A higher layer may learn to see groups of lines as a eye, nose, mouth.
A higher layer may learn that groups of face parts means a human face.
A higher layer may learn your face versus my face versus the bad guy’s face.
Given the rising concerns about super intelligence, new organizations are rising to address how to manage, contain and make safe these capabilities.
One such is Elon Musk-backed Open AI
Another is the partnership on AI to benefit people and society
So with every great leap forward, we often stumble, cause problems, clamp down, and eventually figure it out. We will stumble. We will not slow down because of the economic imperatives.
Lastly I recommend that when you think about IoT, do not think about your sports gear. That is nice and all, but the big impact will be in the combined resources represented in large part by the modern city.

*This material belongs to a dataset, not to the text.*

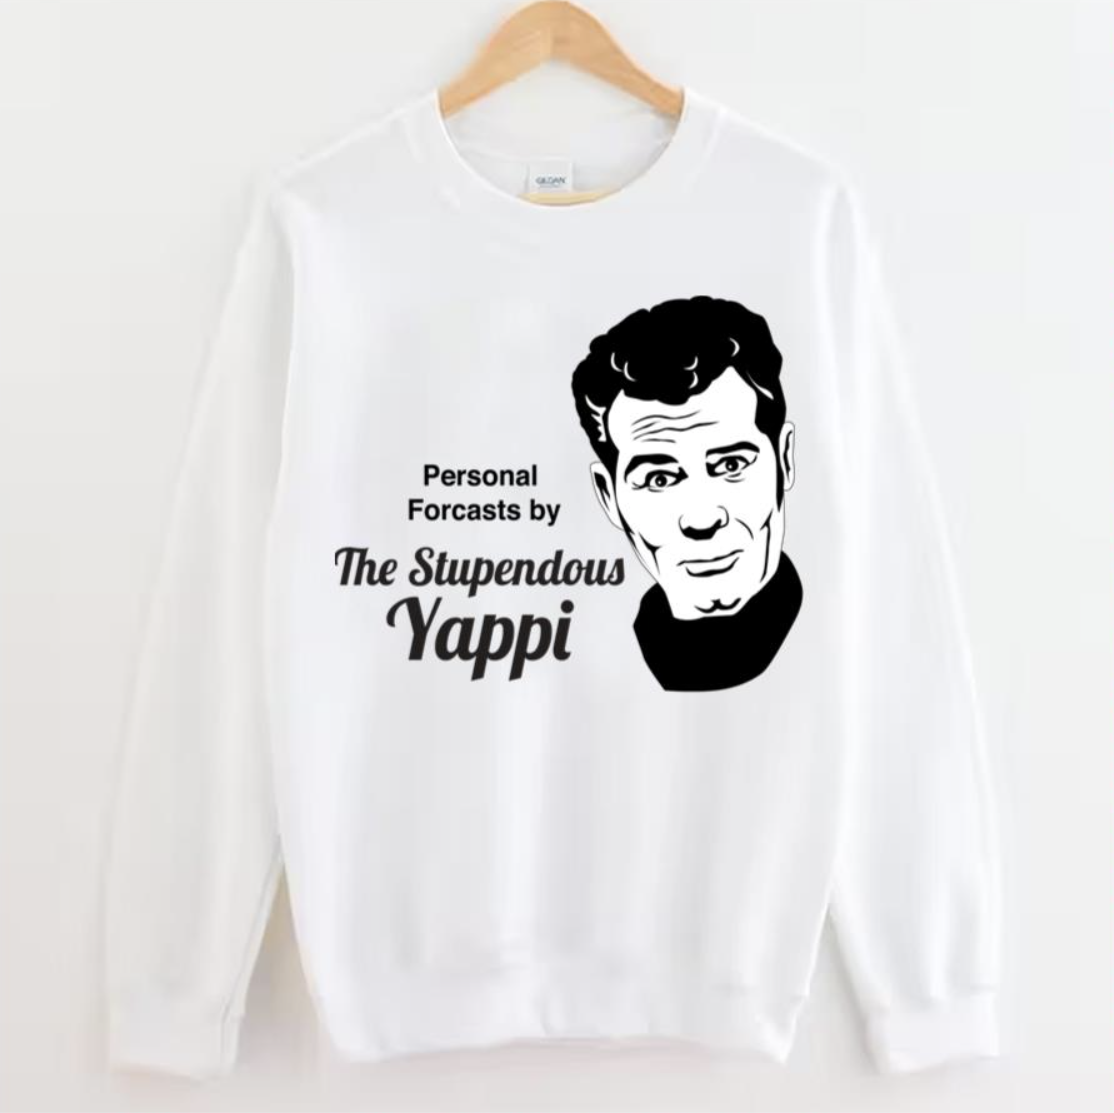 The Stupendous Yappi X Files Series shirt

The smart building aggregates up in part to the push for smart cities. Cities start to vie with other cities to attract talent and business due to the optimized transport, low cost of energy, integrated health access systems, responsive security systems, flexibility designed in for events, etc.
Welcome to the chaning world.
Thanks You all for listening. Again, I am Karl Seiler from PIVIT. Hope to hear from you.